Bir yılı daha geride bırakıyoruz. Kimi zaman çok uzundu, kimi zaman bir güz rüzgarı gibi geldi geçti, farkında mıyız? Hayatın telaşı, gündemin karmaşası ve belki de kendi kaçışımız içinde yılın başında koyduğumuz hedeflere ne kadar yaklaştık, ya da yolculuğun tadını ne kadar çıkarabildik?

Gelin bu yılın son haftalarında bir an durup düşünelim. Yanlışlarımızın, eksikliklerimizin ve hatta doğrularımızın izini sürelim. Gelecek yılı daha dolu dolu yaşamak için bu muhasebe şart.

İtiraf edelim, hayat bazen çok karmaşık. Sosyal medyanın yıldırıcı akışında, her şeyin görüntülerle ölçüldüğü bir dünya da yaşıyoruz. İşte bu noktada, belki de basit bir soruya ihtiyacımız var: Bu yıl ben, beni mutlu eden şeyleri ne kadar yaptım?

Küçük mutlulukların peşinden gitmek, kısa vadeli şeylerle avunmak demek değil. Bilakis, bu hayatta elimizde kalan tek şeyin "yaşarken hissedebildiklerimiz" olduğunu unutmamak gerek. Çocuk kahkahaları, yağmur sonrası toprağın kokusu, dostlarla paylaşılan bir bardak çay... Bunlar hayatta kalmak için nefes kadar önemli, farkında mısınız?

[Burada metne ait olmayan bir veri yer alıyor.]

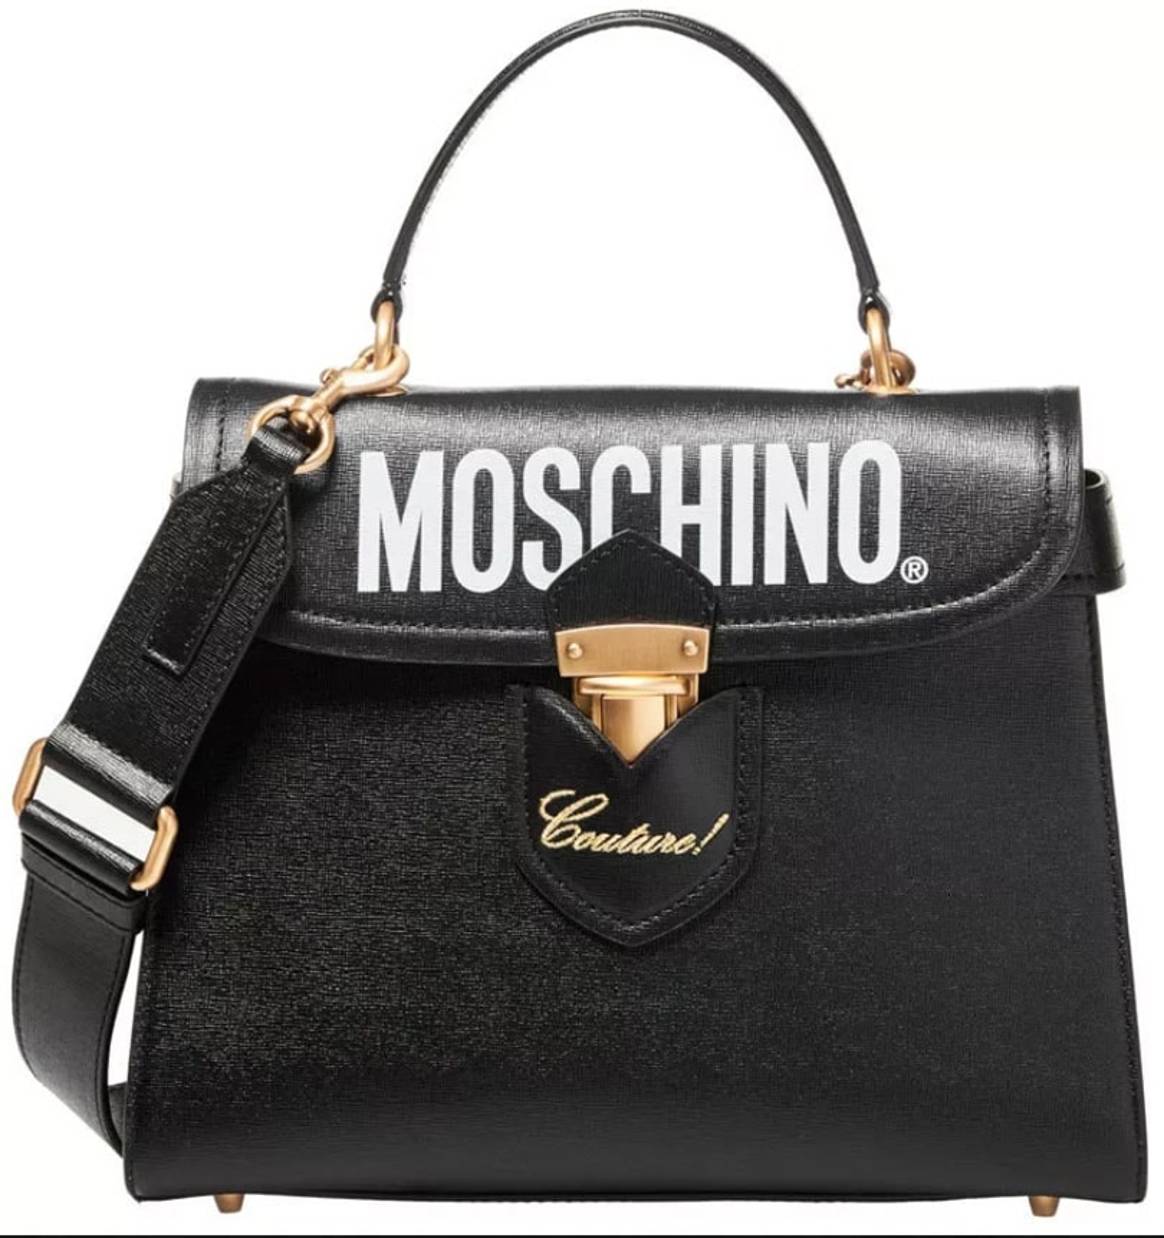 Moschino opent pop-upstore in Parijs warenhuis Printemps

Bir diğer önemli soru: Bu yıl, kendi doğrularımı ne kadar savunabildim? Akıntıya kapılıp gitmek kolay. Zor olan, "ben buradayım" diyebilmek. Adil olmak, haksızlığa karşı çıkmak, vicdanımızı sessizleştirmemek zor ama gerekli. Toplumu oluşturan bireylerin sesi kısıldıkça, yaşadığımız ortam sessiz bir kalabalığa dönüşür. Bu nedenle, hatalarımız kadar suskunluklarımızı da düşünelim.

Hatalardan bahsetmişken... Hepimizin yolunda tümsekler oldu. Yanıldık, yanıltıldık. Önemli olan, bunlardan ders alabilmek. Aynı çukura ikinci kez düşmek, hayatın bize öğrettiklerini görmezden gelmektir. Gözlerimizi kapatır ve "ne yapalım, hayat bu" dersek, bir sonraki düzlükte yine hata yaparız. Cesur olmalıyız. Yanlışlarımızı sahiplenmek ve onlardan öğrenmek cesaret ister.

Yeni yıl, yeni bir başlangıç. Tertemiz bir defter açıyoruz; sayfalarını dolduracak olan biziz. Ancak, unutmayalım ki her yeni yıl, bize geçmişin aynasını da sunar. 2023’teki "ben" nasıldı? Nasıl hissettim, nasıl çıktım şu zamanın içinden? Bunları sorgulamazsak, 2024 de aynı hatalarla, aynı eksikliklerle dolu olabilir.

Son olarak, sevgi... Çok klasiğiz belki ama sevgi hakikaten her şeyin başında ve sonunda. Sevdiğiniz insanlara bunu söylemek için neden yeni yılı bekliyorsunuz? Gülümsemeyi, sarılmayı, paylaşmayı bir alışkanlık haline getirin. Yılın sonunda bakın bakalım, bu "basit" alışkanlıklar hayata nasıl bir anlam katmış?

2024’ün, hatalardan öğrenerek, daha fazlasını sevip daha derin nefes alarak geçireceğimiz bir yıl olması dileğiyle... Kendimize ve birbirimize daha iyi bakalım; çünk bu hayat, gerçekten yaşamaya değer.